- Church: Coptic Catholic Church
- See: Minya
- Installed: 25 March 2013
- Term ended: 7 October 2020
- Predecessor: Ibrahim Isaac Sidrak
- Successor: Basilios Fawzy Al-Dabe
- Previous posts: Titular Bishop of Mareotes (2006–2013) Curial Bishop of Alexandria (2006–2013)

Orders
- Ordination: 20 May 1988 by Antonios Naguib
- Consecration: 13 October 2006 by Antonios Naguib

Personal details
- Born: Kamal Fahim Awad Hanna 3 July 1961 (age 64) Tawa, Minya Governorate, Egypt
- Alma mater: Pontifical Gregorian University

= Botros Fahim Hanna =

Egyptian Coptic Catholic bishop (born 1961)

Botros Fahim Awad Hanna (born Kamal Fahim Awad Hanna; 3 July 1961) is an Egyptian Coptic Catholic hierarch, who served as the Eparch (Bishop) of the Eparchy of Minya from 2013 until his resignation in 2020. Prior to this, he served as the Curial Bishop of the Coptic Catholic Patriarchate of Alexandria and Titular Bishop of Mareotes from 2006 to 2013.

== Early life and ministry ==
Fahim Hanna was born on 3 July 1961 in the village of Tawa, located near the city of Minya in the Minya Governorate, Egypt. He studied philosophy and theology at the St. Leo Grand Seminary in Maadi, Cairo. He was ordained to the priesthood on 20 May 1988 for the Eparchy of Minya by Bishop Antonios Naguib.
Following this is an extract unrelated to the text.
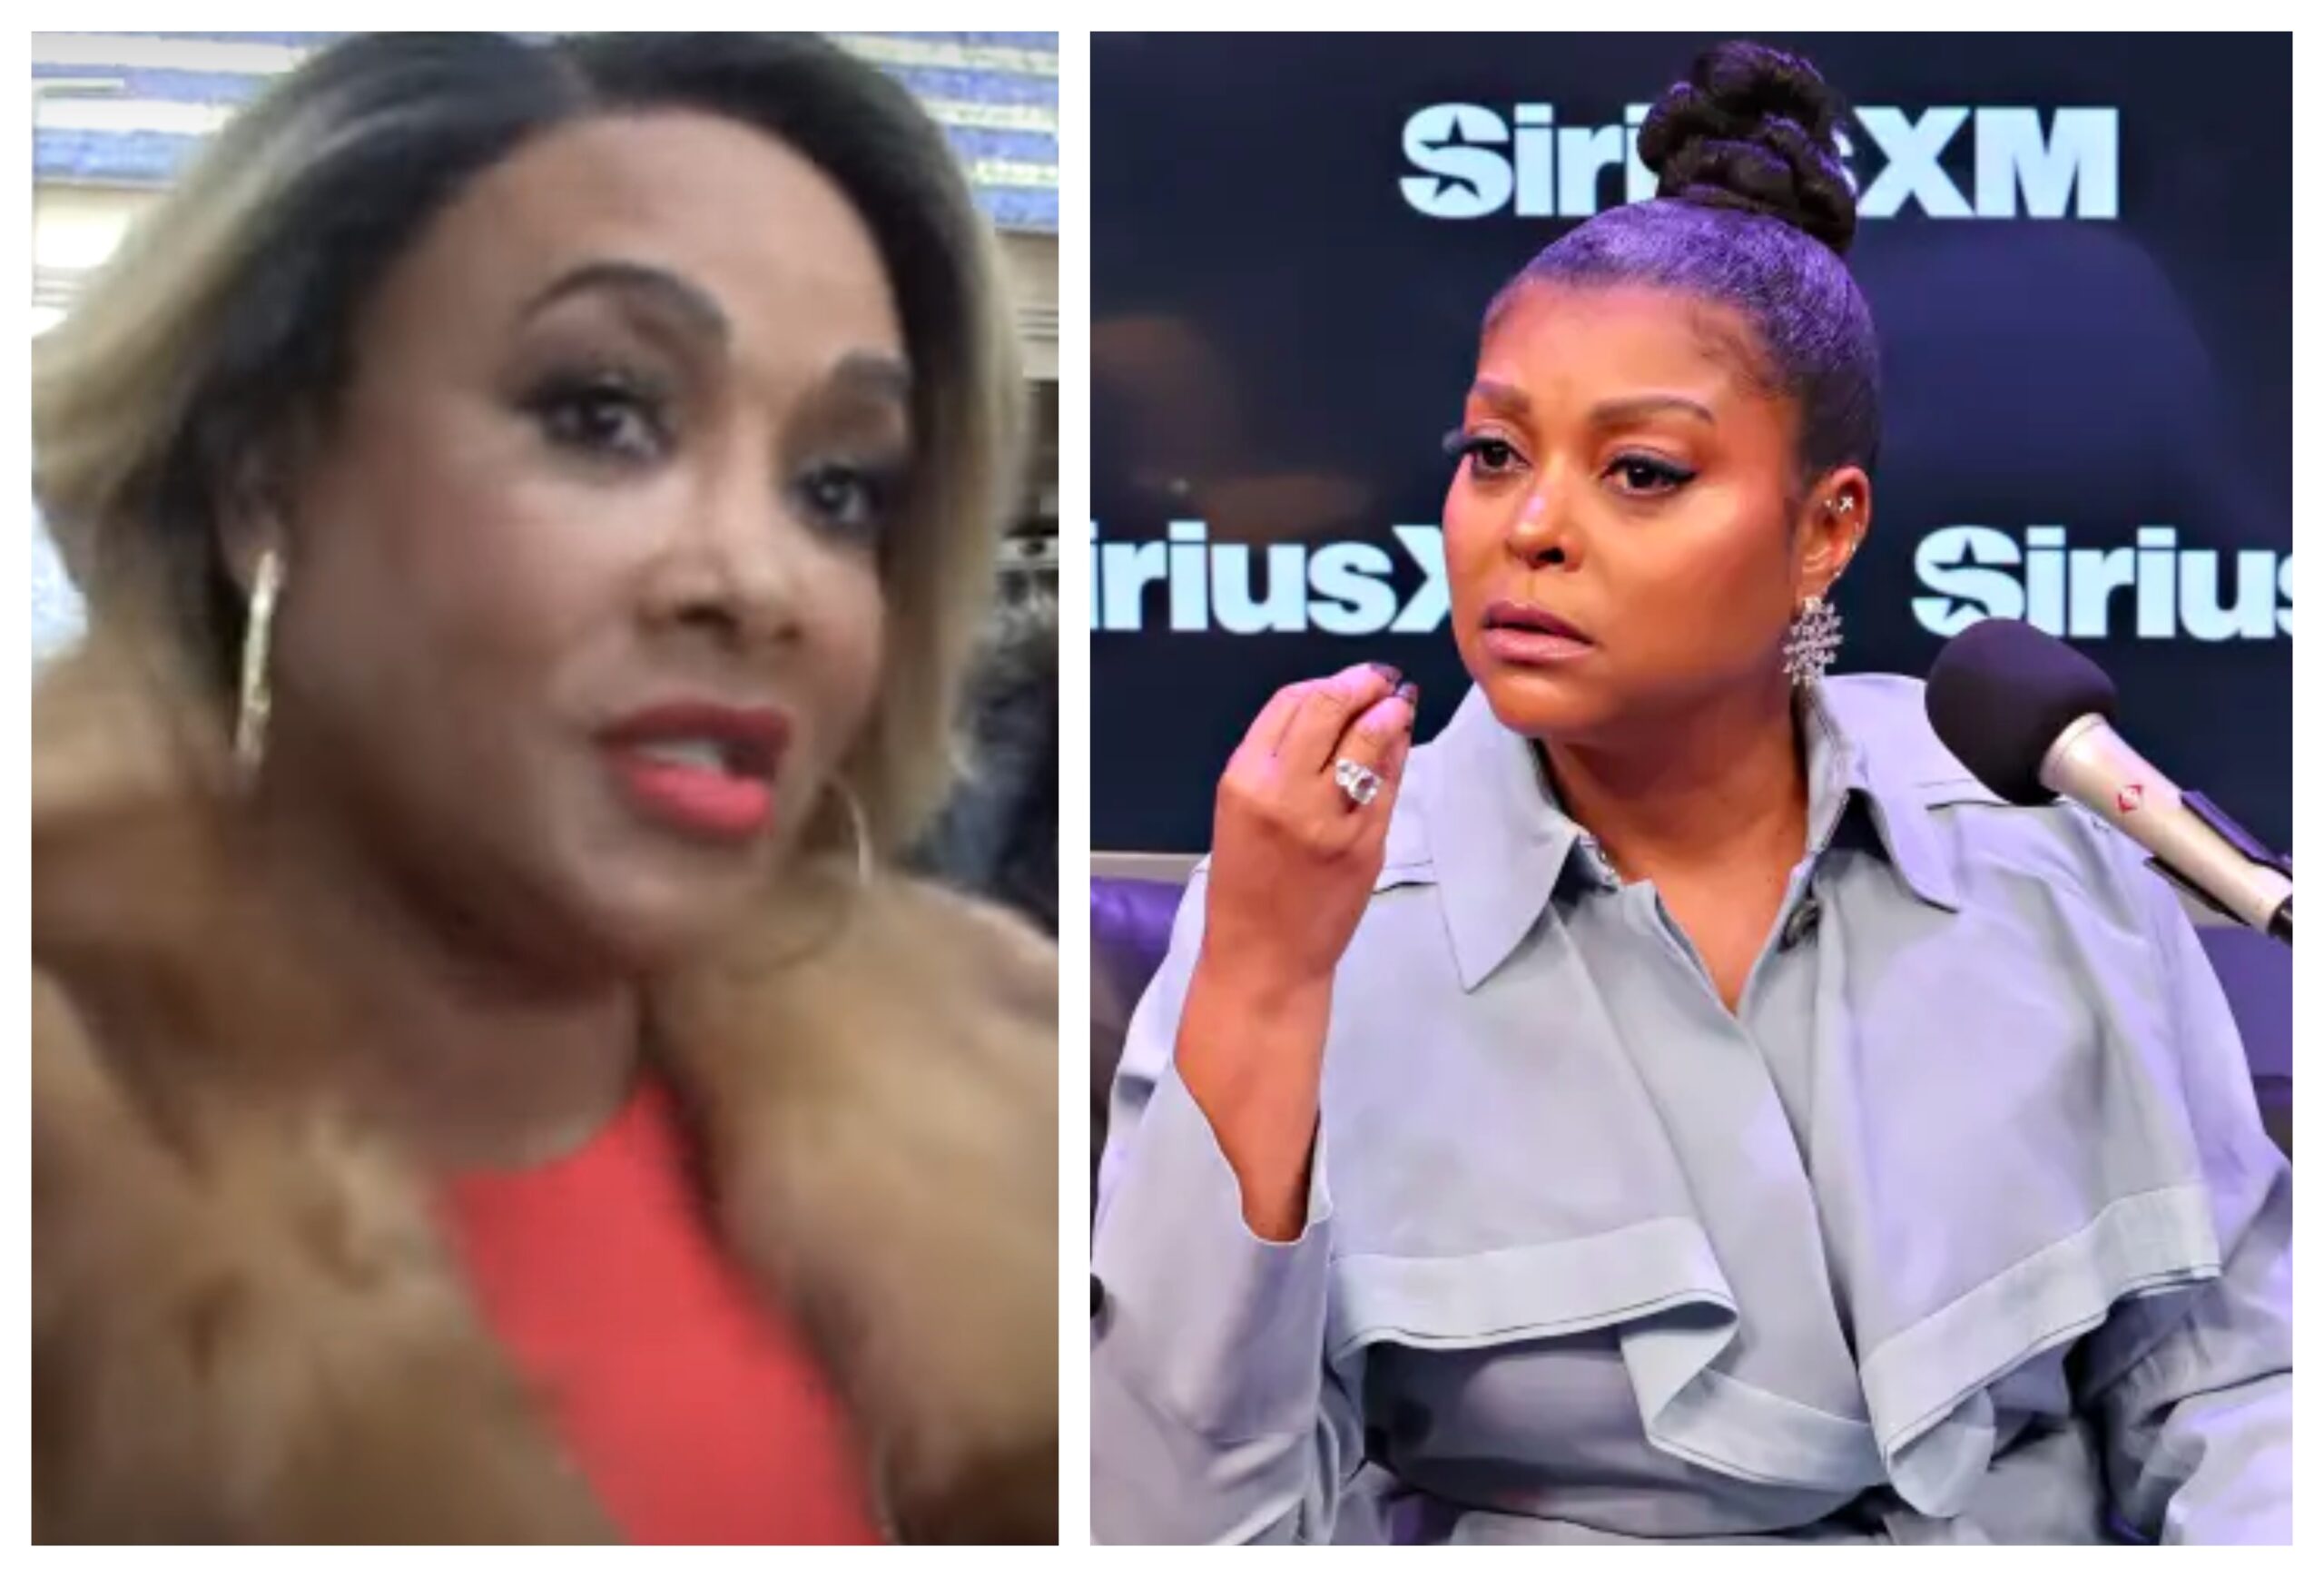 Vivica A. Fox on Taraji P. Henson’s Pay Inequality Claims: “I Didn’t Have That Experience”
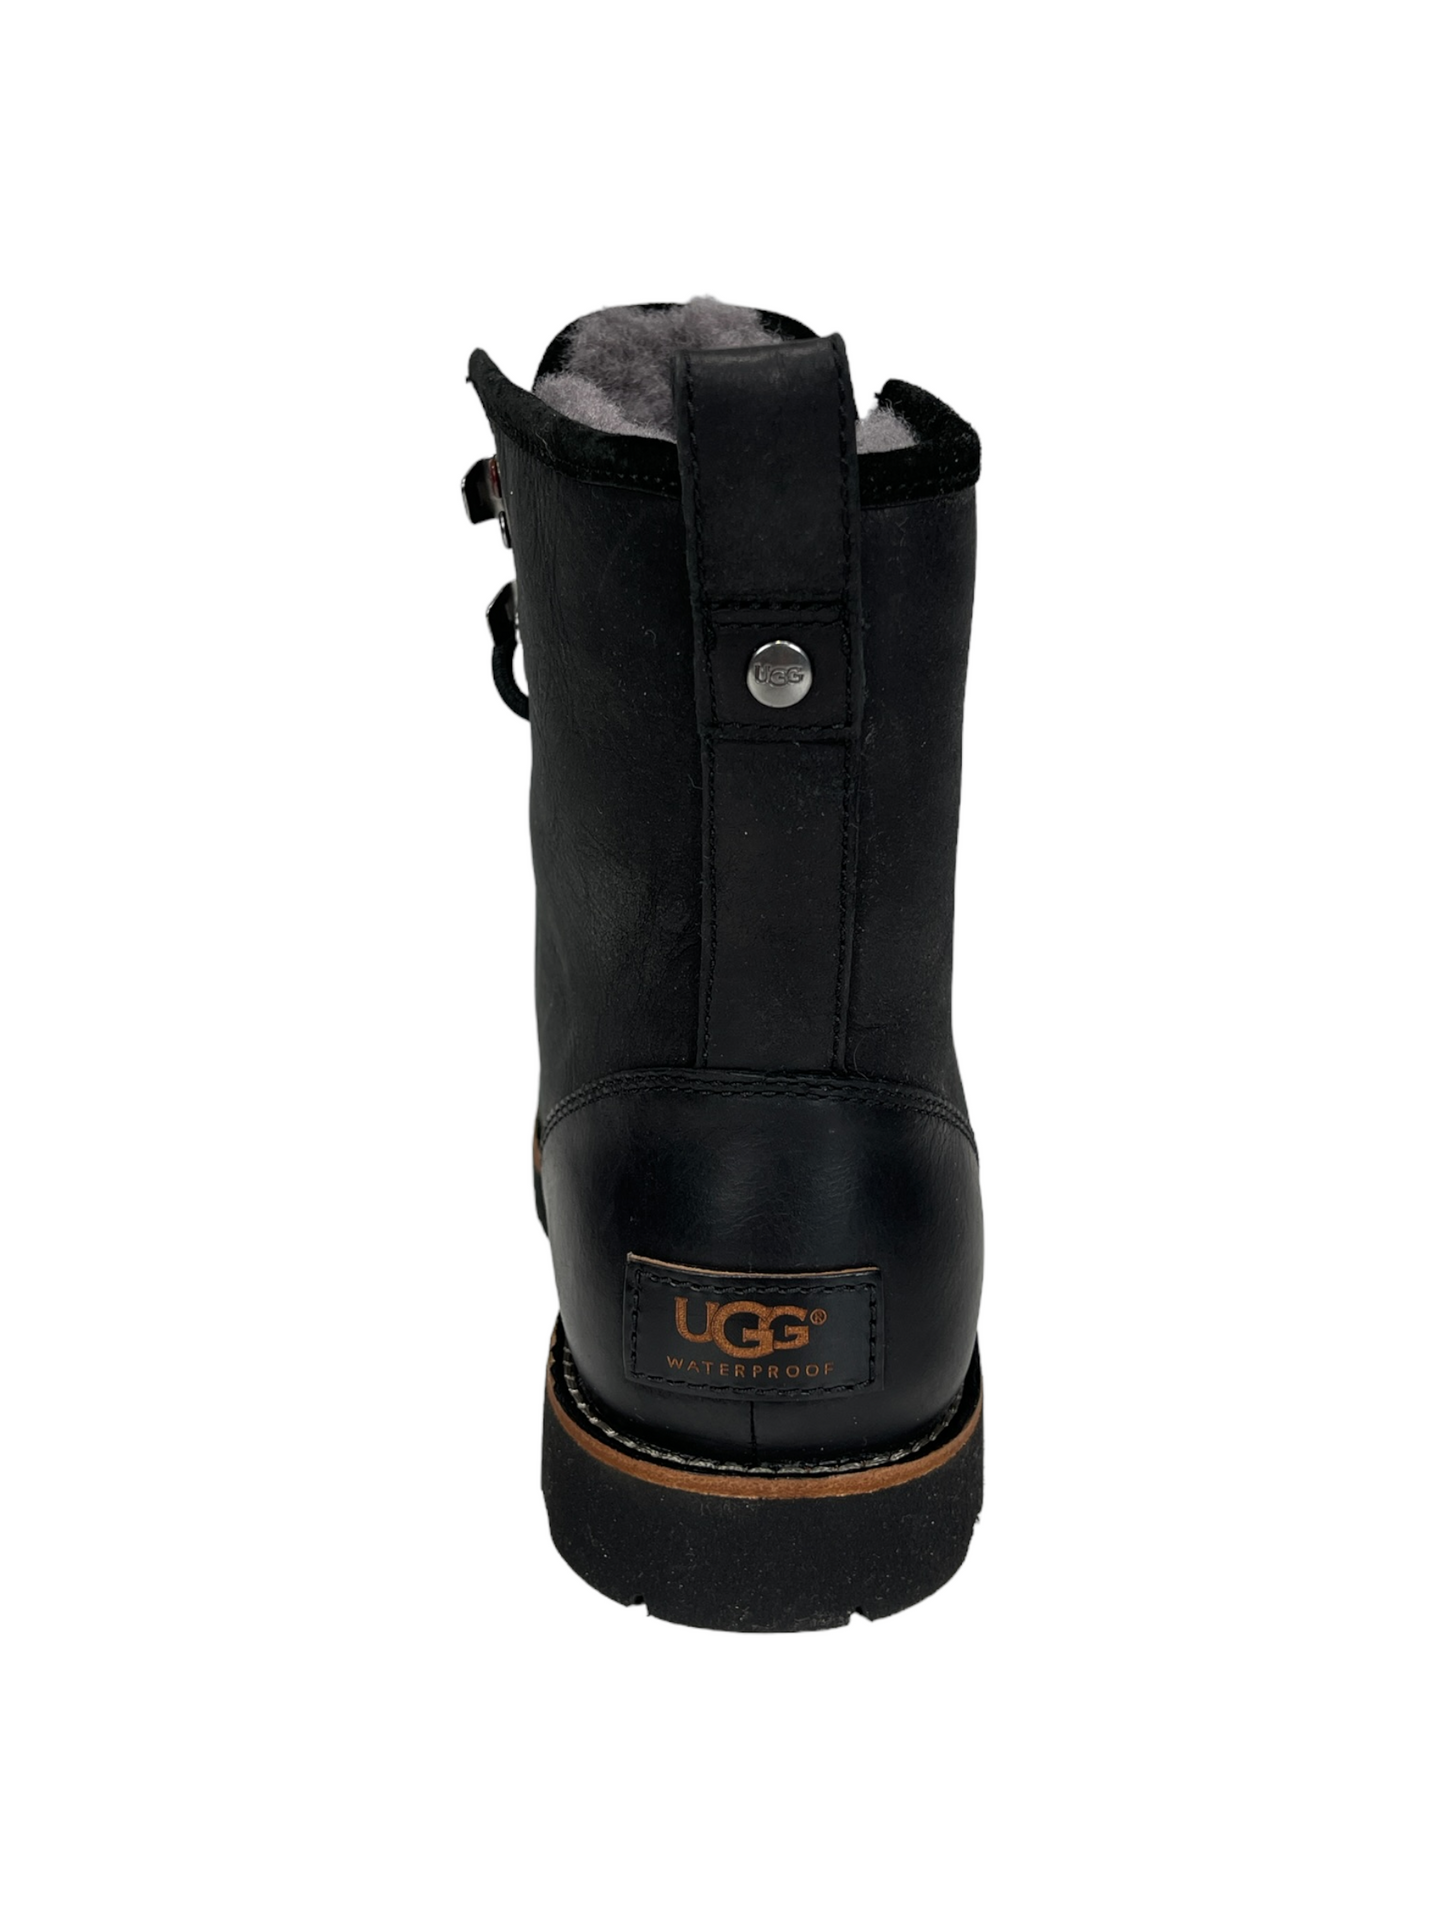 UGG Black Leather Winter Boot 8 US- Genuine Design Luxury Consignment Calgary, Alberta, Canada New and Pre-Owned Clothing, Shoes, Accessories.\

Following his ordination, he pursued higher academic studies in Rome. He attended the Pontifical Gregorian University, where he obtained a doctorate in biblical theology. Upon returning to Egypt, he served in various pastoral and academic roles, including as a parish priest, a professor of theology, and later as the rector of the St. Leo Grand Seminary in Maadi (2005–2006).

== Episcopate ==
On 31 August 2006, the Synod of Bishops of the Coptic Catholic Church elected Hanna as the Curial Bishop of the Patriarchate of Alexandria. Following election confirmation by Pope Benedict XVI on 6 September 2006, he was assigned the titular see of Mareotes. He received his episcopal consecration on 13 October 2006 from the Coptic Catholic Patriarch, Antonios Naguib, with Patriarch Emeritus Cardinal Stéphanos II Ghattas and other bishops serving as co-consecrators.

On 25 March 2013, the Coptic Catholic Synod elected Hanna to succeed Ibrahim Isaac Sidrak (who had been elevated to Patriarch) as the Eparch of Minya, the largest Coptic Catholic diocese in Egypt. It was published by the Holy See on 8 April 2013. He was formally enthroned in the Cathedral of Minya on 19 April 2013. During his tenure in Minya, he focused on strengthening youth ministry, medical services, and Catholic education within the eparchy.

On 7 October 2020, the Synod of Bishops of the Coptic Catholic Church accepted Hanna's resignation from the pastoral governance of the Eparchy of Minya due to health reasons. He was succeeded by Patriarch Ibrahim Isaac Sidrak as a Patriarchal Administrator, and later by Bishop Basilios Fawzy Al-Dabe.